The open, flexible and collaborative nature of work today is changing workplace design, and experiential workplace environments that attract and motivate employees can be key to companies achieving their objectives, explained Groves.

Not only, can the physical and cultural nature of workplace environments make people feel healthier and inspired, but they can also improve their work and efficiency, or help them learn or alter a mindset.    

But, simply following the latest workplace design themes – beanbags and slides, exposed bricks and ducts, etc – was not a one-size-fits-all solution. While such concepts might suit some business models, today’s modern workplace environments need to be relevant to diverse individuals, differing workforces and globalised business demands.

With AI and robotics set to become more integrated within the future business world, particularly for monotonous or repetitive workflows, the human values of creativity, empathy and innovation will increasingly be key conceptual resources.

“We all know we are creative, we all know it matters, but now it’s all about unlocking it.”

We have gone from linear forms of communication to a very networked world, from very static ways of working to being on the move and wherever we like, from left-brain thinking to whole brain thinking.”

“We’ve always had innovations that have changed the way we work, but today we communicate more quickly and widely than ever before. It’s now a world where digital transformation is accelerating at a great rate.”

Accordingly, forward-thinking companies and developers are already creating spaces to enable commercial innovation – the solving of problems in new ways that add value.

Hence the rapid growth in types of innovation space – from incubators and accelerators to start-up, co-working and maker space, from innovation centres to research institutes and dedicated civic space for community innovation.

When it comes to innovation ‘the i’s have it’, suggested Groves – ‘Identification, Insight, Ideas, Impact’, being the human thought stages of this problem-solving process.
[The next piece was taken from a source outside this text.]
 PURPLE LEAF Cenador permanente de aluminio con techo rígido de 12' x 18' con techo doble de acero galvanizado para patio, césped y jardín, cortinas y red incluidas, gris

Enabling and assisting those creative thought stages to occur across diverse and hybrid business sectors required differing types of spaces for innovation, explained Groves.

As the seminar’s interactive audience highlighted, people get their best ideas or do their best work in various ways and places – alone or by collaborating, while out walking or having a shower, remotely at home, commuting to work, or in an open-plan office environment.
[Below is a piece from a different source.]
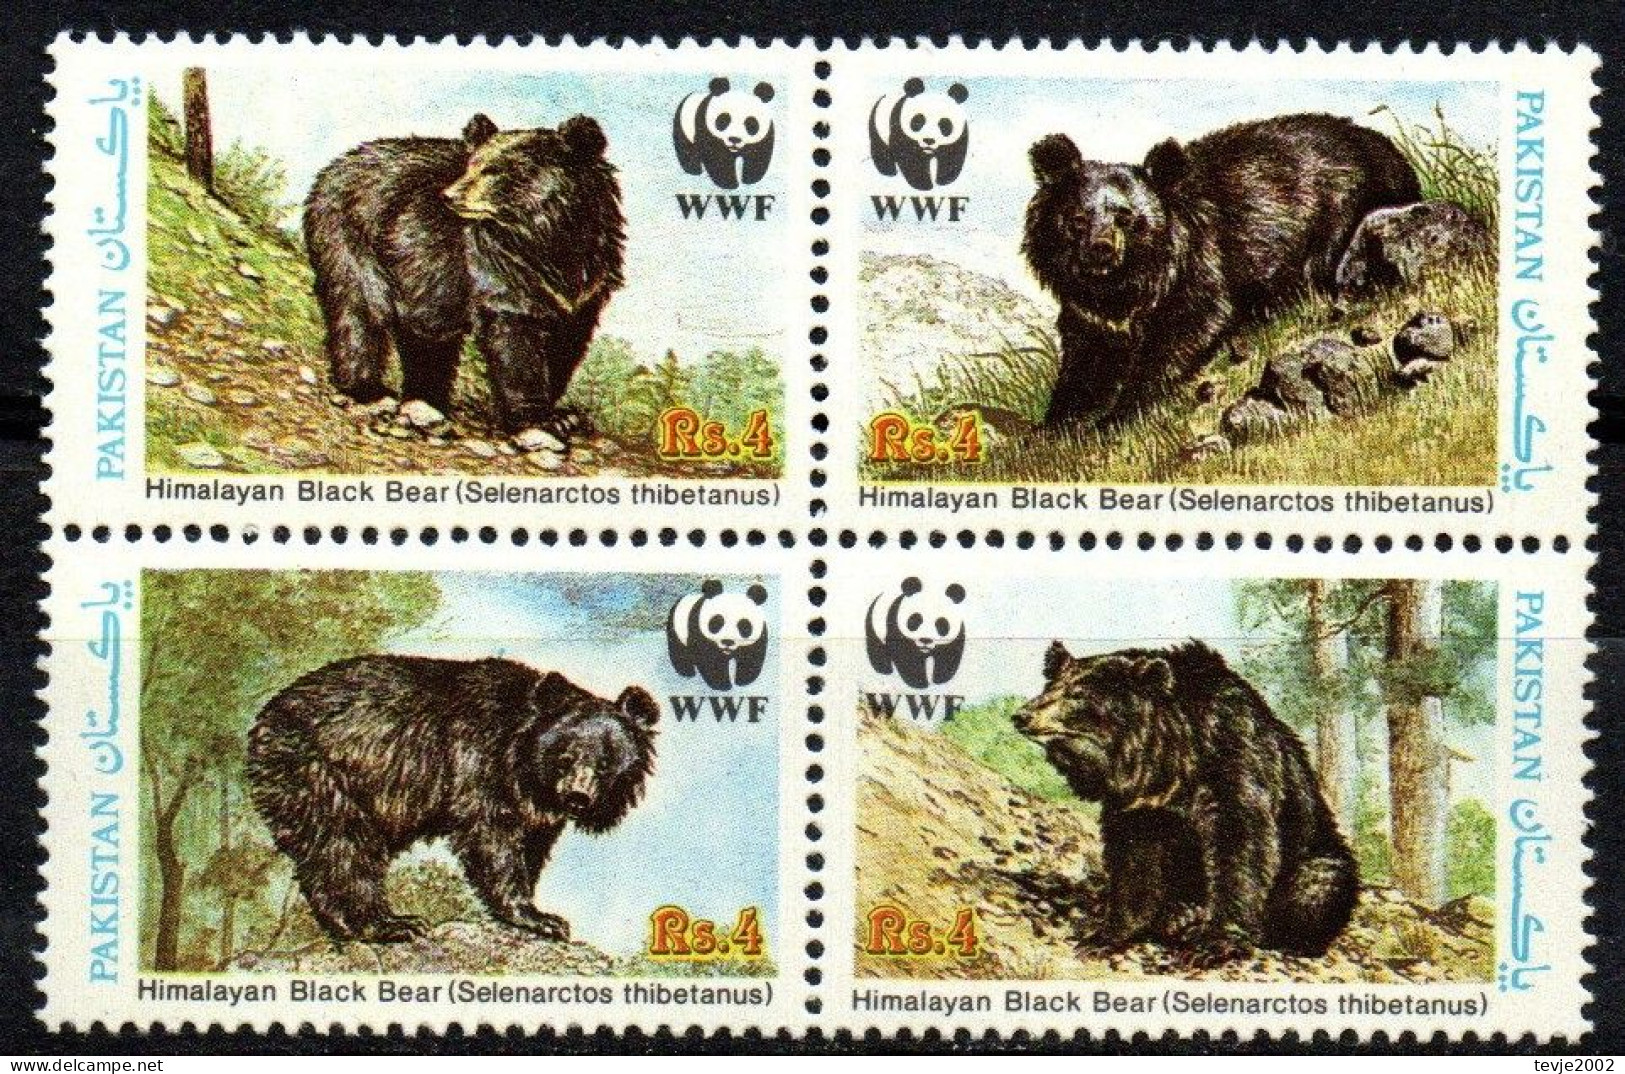 Pakistan 1989 - Mi.Nr. 759 - 762 - Postfrisch MNH - Tiere Animals Bären Bears WWF - Bears

While aiming to create fitting spaces for innovation, workplace designers, developers and employers needed to keep the four P’s in mind – people, place, process and purpose – the key elements of a creative workplace.
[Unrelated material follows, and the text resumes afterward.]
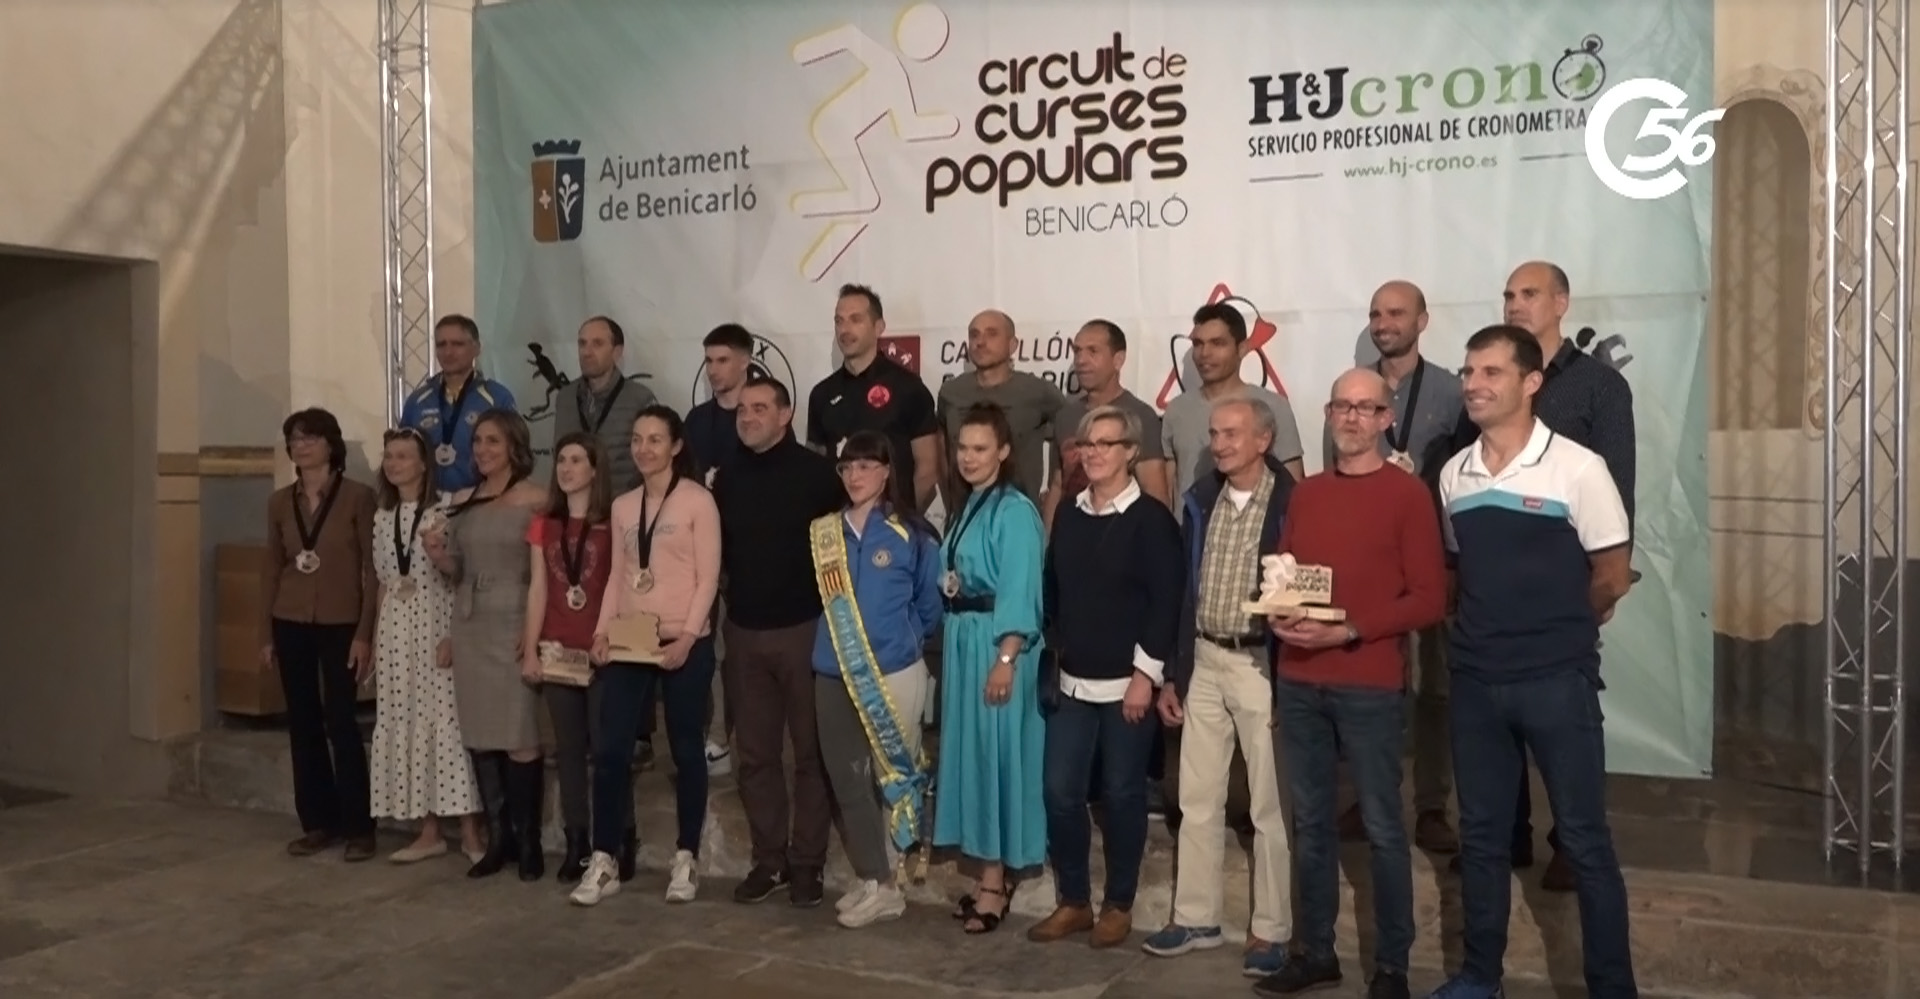 S'entreguen els premis del VI Circuit de Curses Populars de Benicarló

People are different – we all have a creative ‘fingerprint’, our own unique ways of doing things – whether in skills or opinions, etc.

Places can be overwhelming – physical, functional and psychological comforts need careful balance.

Process and corporate methodology. How a company manages itself, organises its search and development of innovation can be restrictive or enabling.

Purpose is often the driving force for creativity, and a company’s accepted visionary mission, culture, or teamwork can provide that purpose.

And regardless of salary levels, individual motivating factors within 21st century innovation could be office spaciousness and nice views, or aliveness and the buzz of business, or the freedom of speech and shared ideas, or the freedom simply to be oneself.

As Groves said, space for innovation doesn’t have a one-size-fits-all solution.

Nick Coote, Thames Valley head of LSH, later thanked Kursty Groves, mentioning his admiration for her book Spaces for Innovation.